Karaduman, "hayat eve sığar" kampanyası ile salgının önüne geçilemediğinin görüldüğünü çünkü "hayat eve sığar" denilerek insanların ne açlığı ne yoksulluğu ne de evlerine ekmek götürebilmek için çalışmak zorunda oldukları gerçeğinin ortadan kalkmadığı değerlendirmesinde bulundu.

Hükümetin, insanları sokağa çıkmak zorunda bırakmayacak tedbirleri ivedi şekilde alması gerektiğinin altını çizen Karaduman, şöyle konuştu:

"İşçilerin ücretleri devletimiz tarafından karışlanmalı ve işverenlere yeni bir yük yüklenmemelidir. Bu süreçte esnafımızın kirası devlet tarafından üstülenilmelidir. Kayıtsız ve gündelik çalışan işçilerimizin ücretleri valiliğe yapılan bağışlardan karşılanmalıdır.
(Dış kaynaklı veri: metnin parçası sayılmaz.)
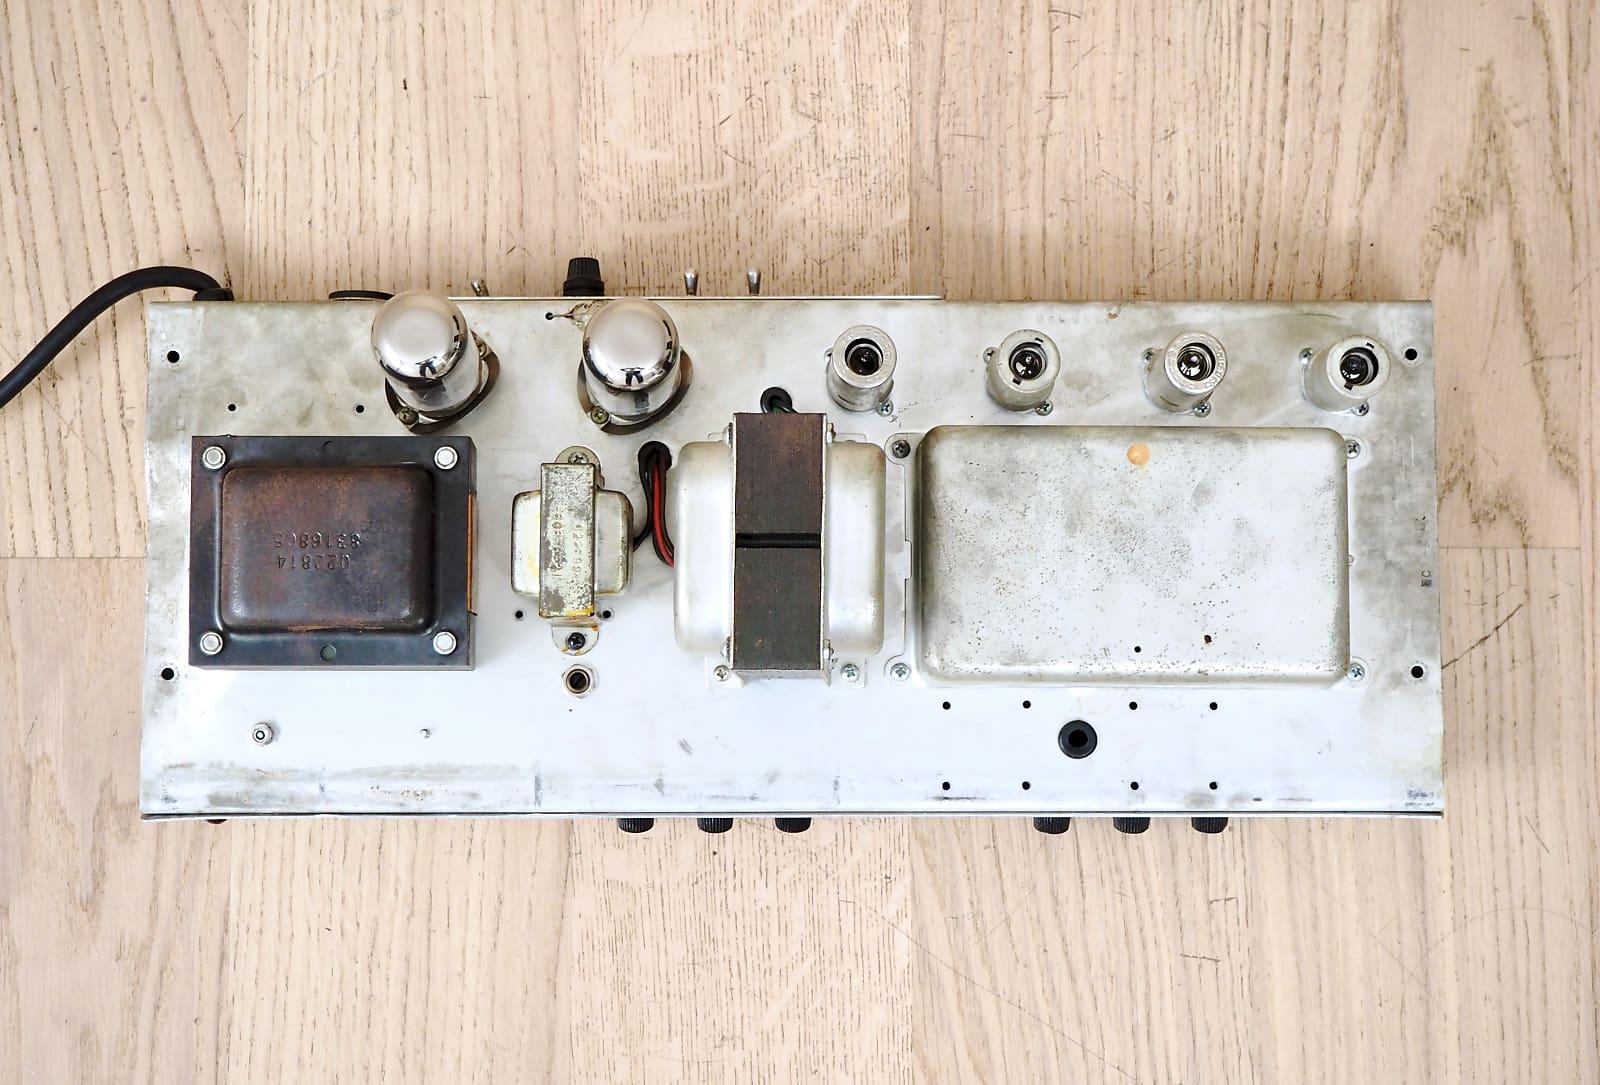 1968 Fender Bassman Vintage Tube Amp Head Silverface Drip Edge Serviced

Vatandaşlarımızın bu süreçte elektrik, doğal gaz, su faturalarının ertelenmesi gerekmektedir. Ülkemizde 82 milyon insanımızın her birinin TC kimlik numalarına 1000'er lira destek sağlanmalıdır."

Karaduman, daha sonra gazetecilerin, bağış kampanyalarına ilişkin görüşlerini sorması üzerine, devletin en önemli varlık sebeplerinden birisinin, insanına ekonomik ve sosyal olarak bütün yönleriyle yaşanabilir bir hayatı vadetmek ve onları insan onuruna yaraşır bir hayata sevk etmek olduğunu söyledi.

Sosyal devletin varlığının özellikle kriz dönemlerinde ortaya çıktığını belirten Karaduman, şöyle devam etti:

"Ancak devletin, soysal devlet anlayışından her geçen gün uzaklaştığını görüyoruz. Elbette biz vakıf kültürünü içselleştirmiş bir topluluğuz ama burada devlet olmanın gereği, insanları muhanete muhtaç etmeyecek bir hayatı kendilerine teslim etmektir.

Biz bu bağış kampanyasını elbette önemli görüyoruz ama devletin yapması gereken bunun ötesinde hareketler olmalıdır. Bu anlamda yerel yönetimlerin de yaptığı kampanyalar var. Belediyelerin bu yöndeki faaliyeti kendilerine tanınmış yasal bir haktır. Burada siyasi iktidar 'ya benimsin ya toprağın' anlayışını ortaya koymaya kalkarsa insanlarımızın devlete güveni kırılacaktır. Belediyelerin bu çalışmaları gerçekleştirmesini önemli görüyoruz. Belediyelerin kampanyalarının engellenmesi Sayın Cumhurbaşkanı'nın başlattığı kampanyaya güveni ortadan kaldırmaktadır."